12         Les Ghettos

 

 

Durant la Seconde Guerre mondiale, les troupes d’occupation allemandes ont constitué en Europe de l’Est des quartiers exclusivement réservés à la population juive: les ghettos. Ces zones carcérales étaient radicalement différentes du schtetl — communauté rurale — et des quartiers juifs des grandes villes, ouverts sur le monde extérieur.

Les ghettos permettaient à la SS et à la police de contrôler totalement des centaines de milliers de personnes, réduites en esclavage dans un premier temps. Les nazis n’ont pas hésité à utiliser pour leur propagande antisémite des photos illustrant la déchéance de ces populations qu’ils avaient eux-mêmes affamées et réduites à la misère. Dans un second temps, les ghettos ont été « liquidés », c’est-à-dire que leurs habitants — non seulement des Juifs mais aussi des Sinti et Roma — ont été déportés vers les camps d’extermination.

 

 

Constitution des ghettos

 

Les premiers ghettos sont apparus dès 1939 en Pologne, les derniers à l’été 1944 en Hongrie. On choisissait en général le quartier le plus misérable d’une ville, souvent dépourvu d’égouts et d’électricité. La constitution des ghettos était du ressort soit des troupes d’occupation, soit des autorités locales.

Conformément aux instructions de Heydrich, les ghettos de l’ouest de la Pologne devaient servir de centres de regroupement en vue d’une déportation ultérieure plus loin vers l’est. C’est également Heydrich qui ordonna la constitution du ghetto de Theresienstadt en Bohême-Moravie, où furent tout d’abord regroupés les Juifs tchèques, puis des Juifs originaires d’Allemagne, de Hongrie et d’Europe de l’Ouest.

 

Dans le Gouvernement général, c’est-à-dire l’est de la Pologne occupée, les nazis ont justifié la constitution des ghettos en évoquant la nécessité de parer au danger d’épidémies, de combattre le marché noir et de faire travailler les Juifs. En Union soviétique, le prétexte avancé était la sécurité face aux groupes de partisans.

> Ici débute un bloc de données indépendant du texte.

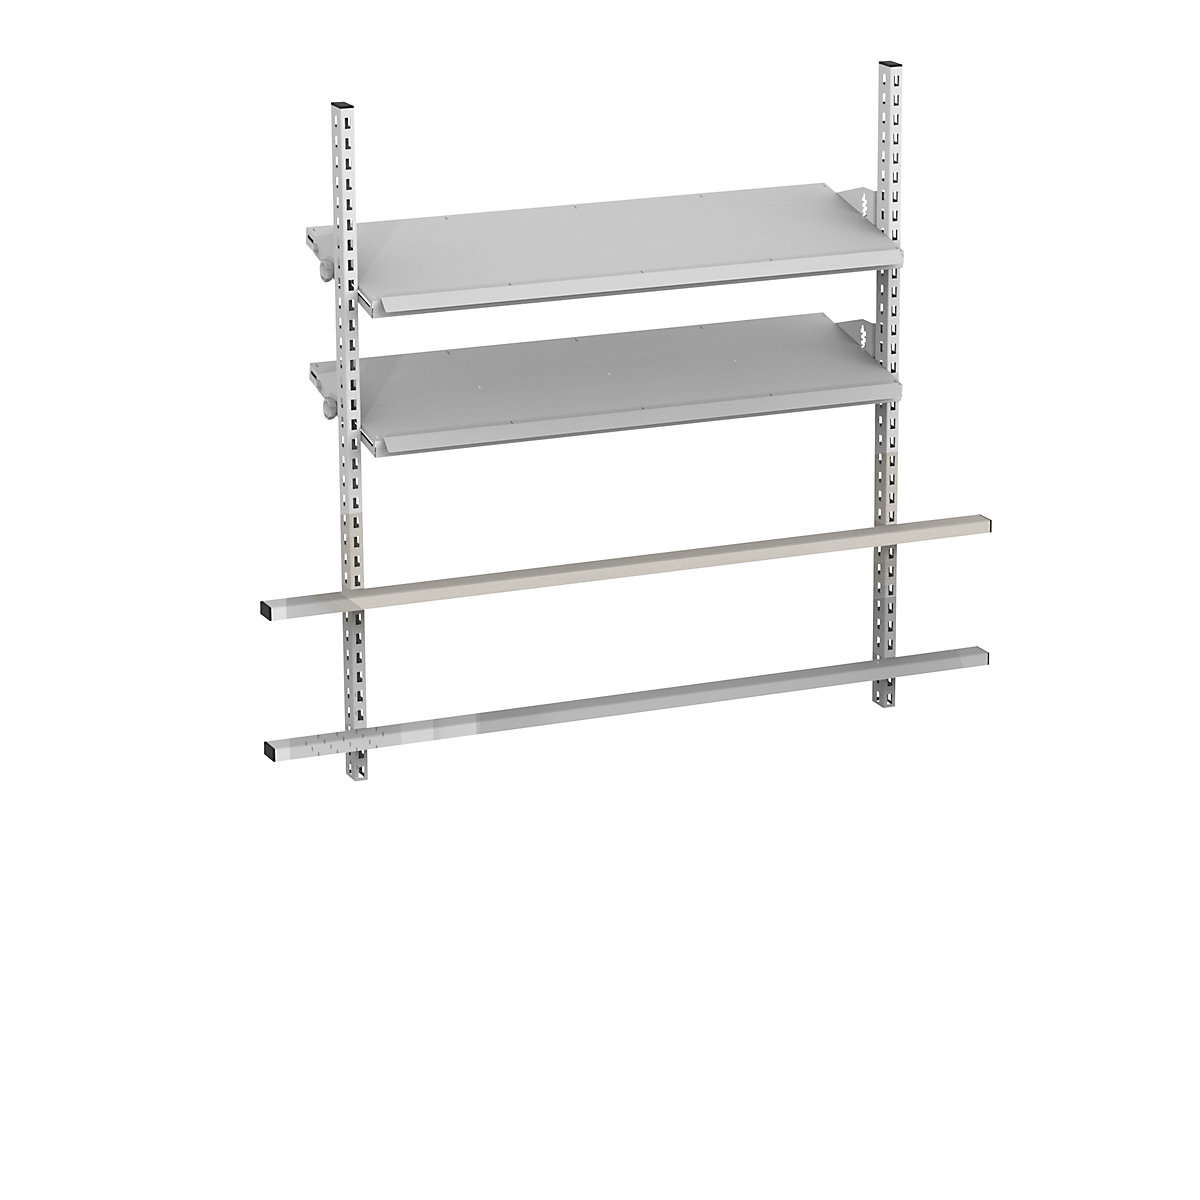 Add-on for table with inclined shelves (Product illustration 2)-1
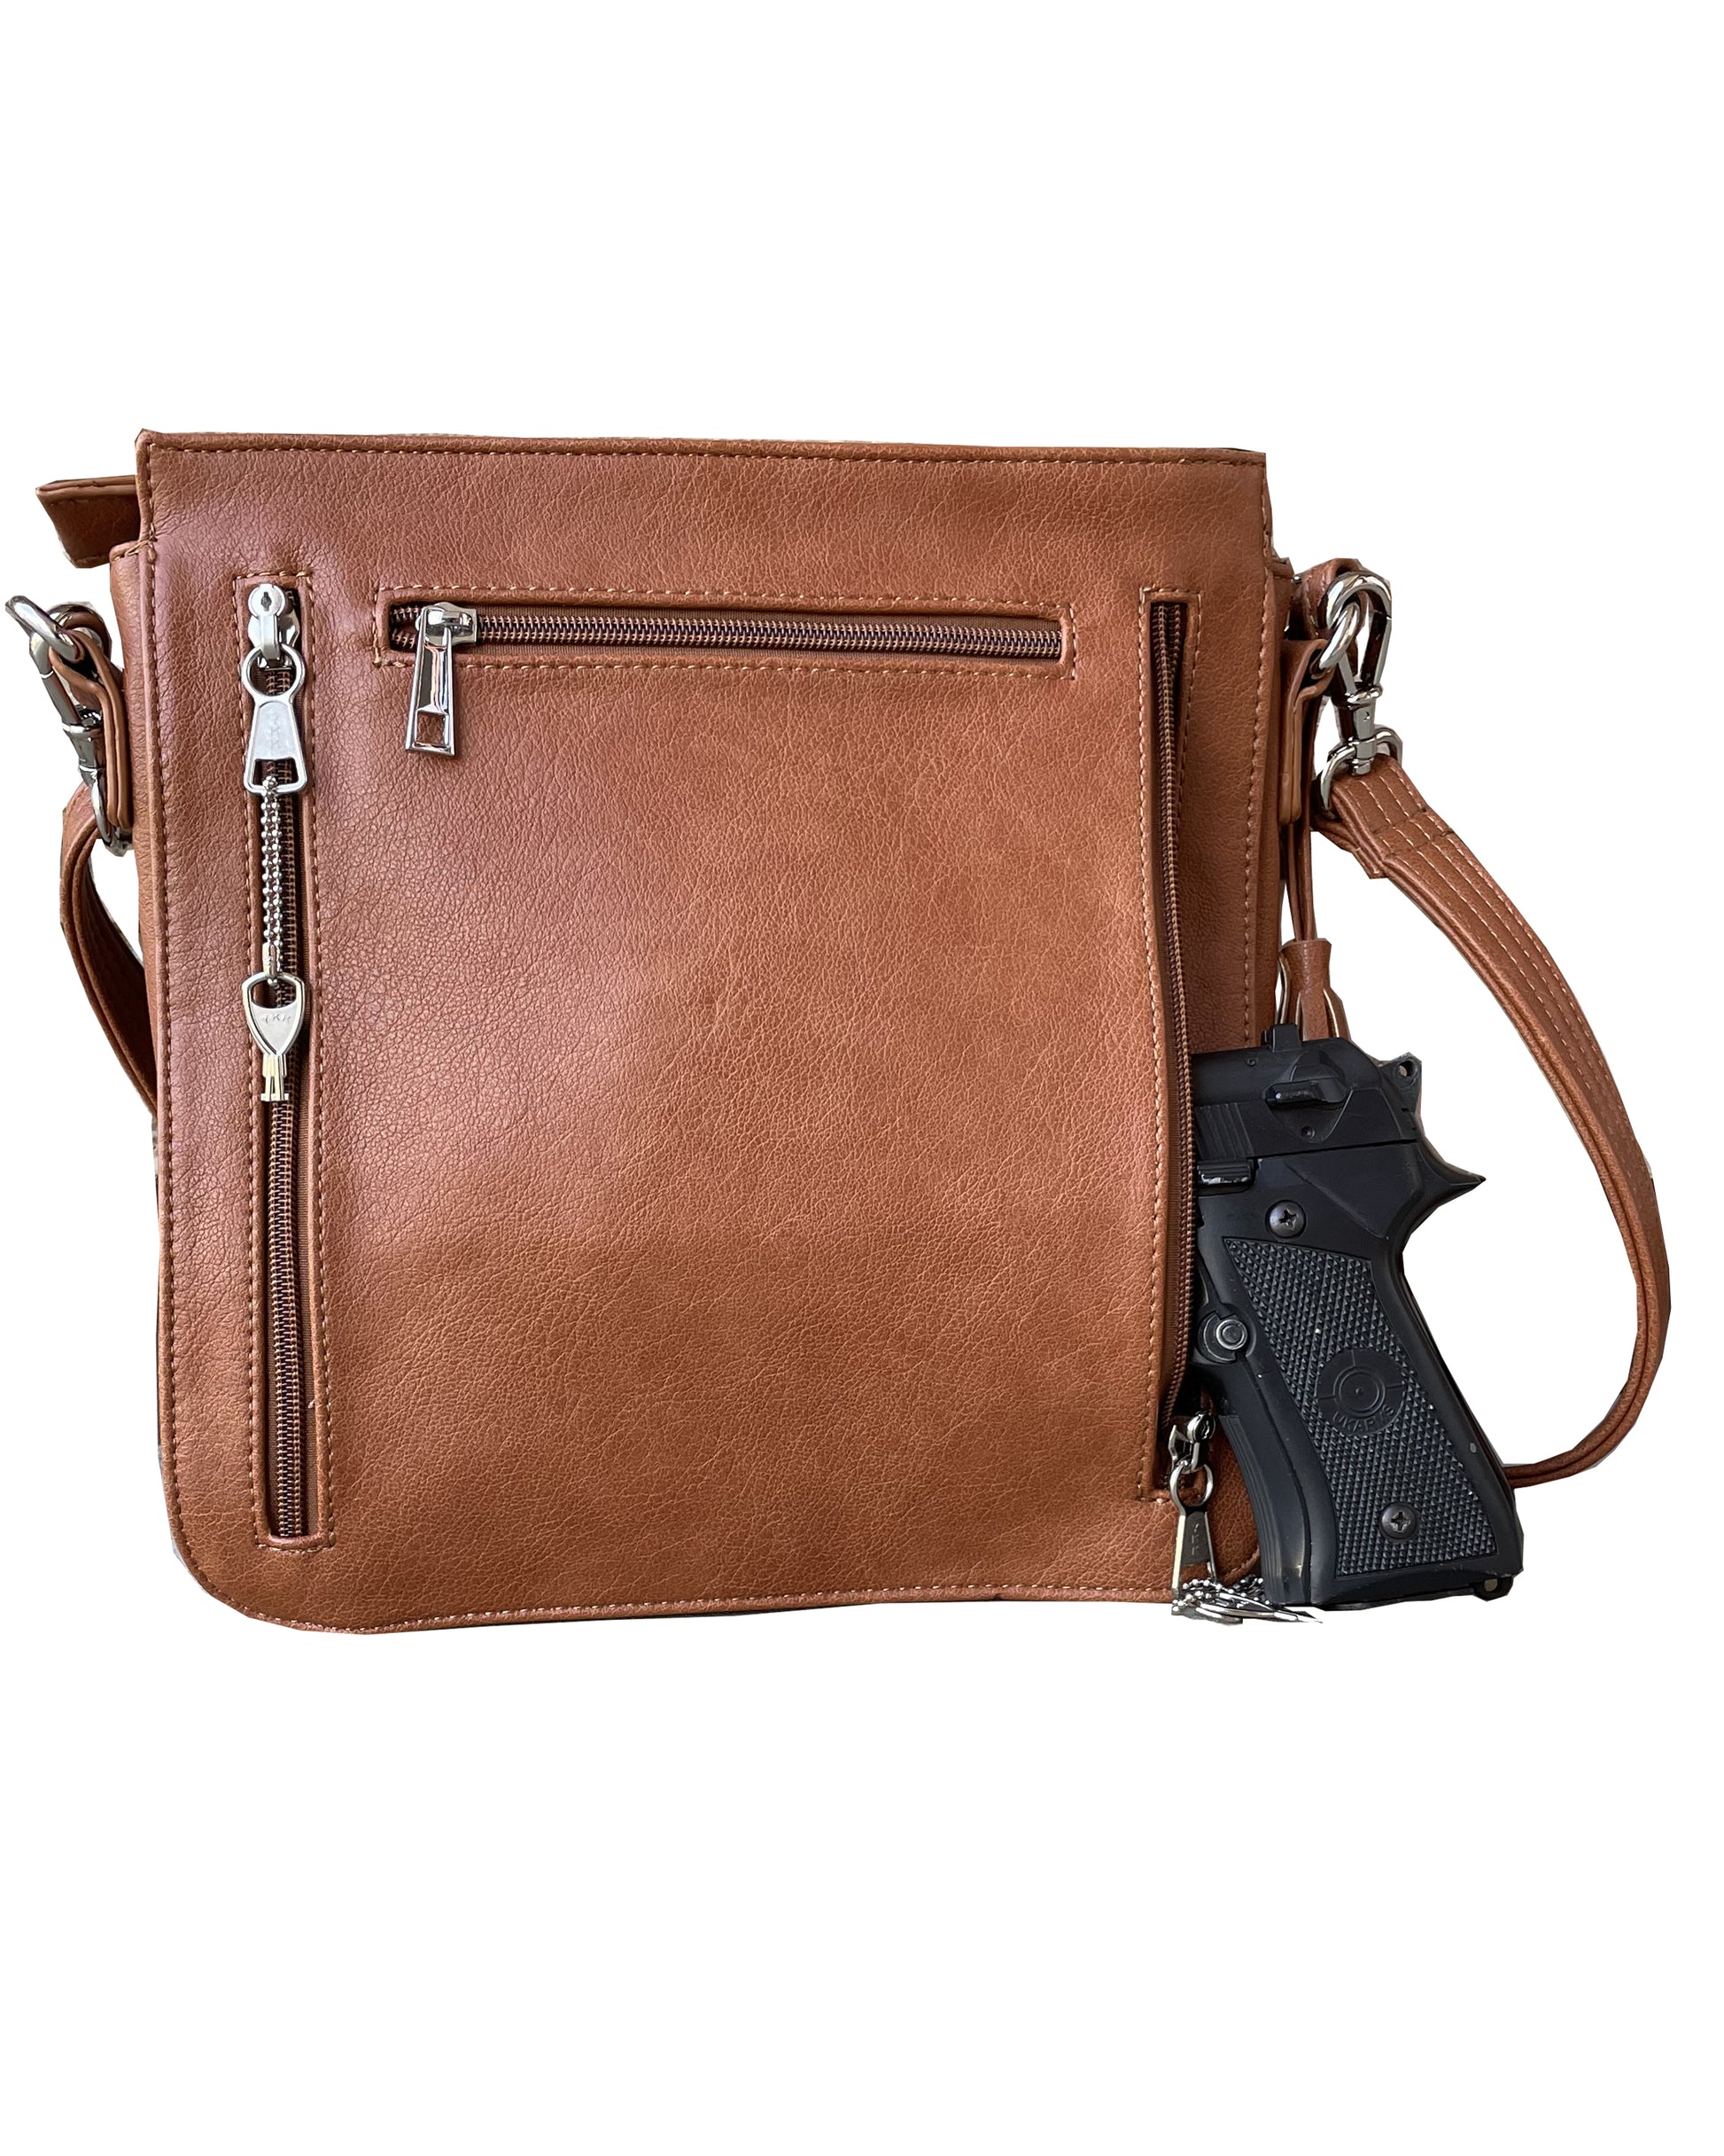 New Leather Side Laced Lockable Concealed Carry Crossbody Satchel Purse - Hiding Hilda, LLC

Certains ghettos n’ont existé que très brièvement et ont été liquidés lors des massacres organisés dès 1941.

 

Reichsführer SS Heinrich Himmler en Litzmanstadt, 8 juin 1941  Reichsführer SS Heinrich Himmler en Litzmanstadt, 8 juin 1941

 

Esclavage sous contrôle allemand

 

Les Juifs des ghettos étaient contraints de travailler pour le Reich. L’industrie allemande y trouvait une force de travail à bon marché, puisque cette population recevait pour tout salaire des rations alimentaires minimales. Cette forme d’esclavage moderne était gérée de différentes manières : à Lodz, c’est la municipalité sous contrôle allemand qui surveillait la production des ateliers du ghetto ; à Varsovie, des entreprises étaient venues s’installer à l’intérieur même du quartier juif afin de contrôler directement la production ; à Riga enfin, une antenne de l’agence pour l’emploi du Reich envoyait les Juifs travailler hors du ghetto.

 

Groupe de déportés juifs allant au travail à Riga

Groupe de déportés juifs allant au travail à Riga.
Photo non datée

 

 

Vie quotidienne

 

Une administration allemande extérieure aux ghettos réglait la vie à l’intérieur des quartiers juifs. Bien qu’ils fussent contraints de travailler pour le Reich, les Juifs étaient systématiquement sous-alimentés et ne disposaient que d’une couverture médicale minimale. Surpeuplés, les ghettos connaissaient des conditions d’hygiène déplorables. La famine et les épidémies, que les nazis ne combattaient évidemment pas, causaient des hécatombes parmi la population. Cette misère devant restée cachée aux yeux du monde, les Juifs ne pouvaient en règle générale pas envoyer de courrier, et seul l’envoi de cartes postales pré-imprimées était possible dans certains ghettos.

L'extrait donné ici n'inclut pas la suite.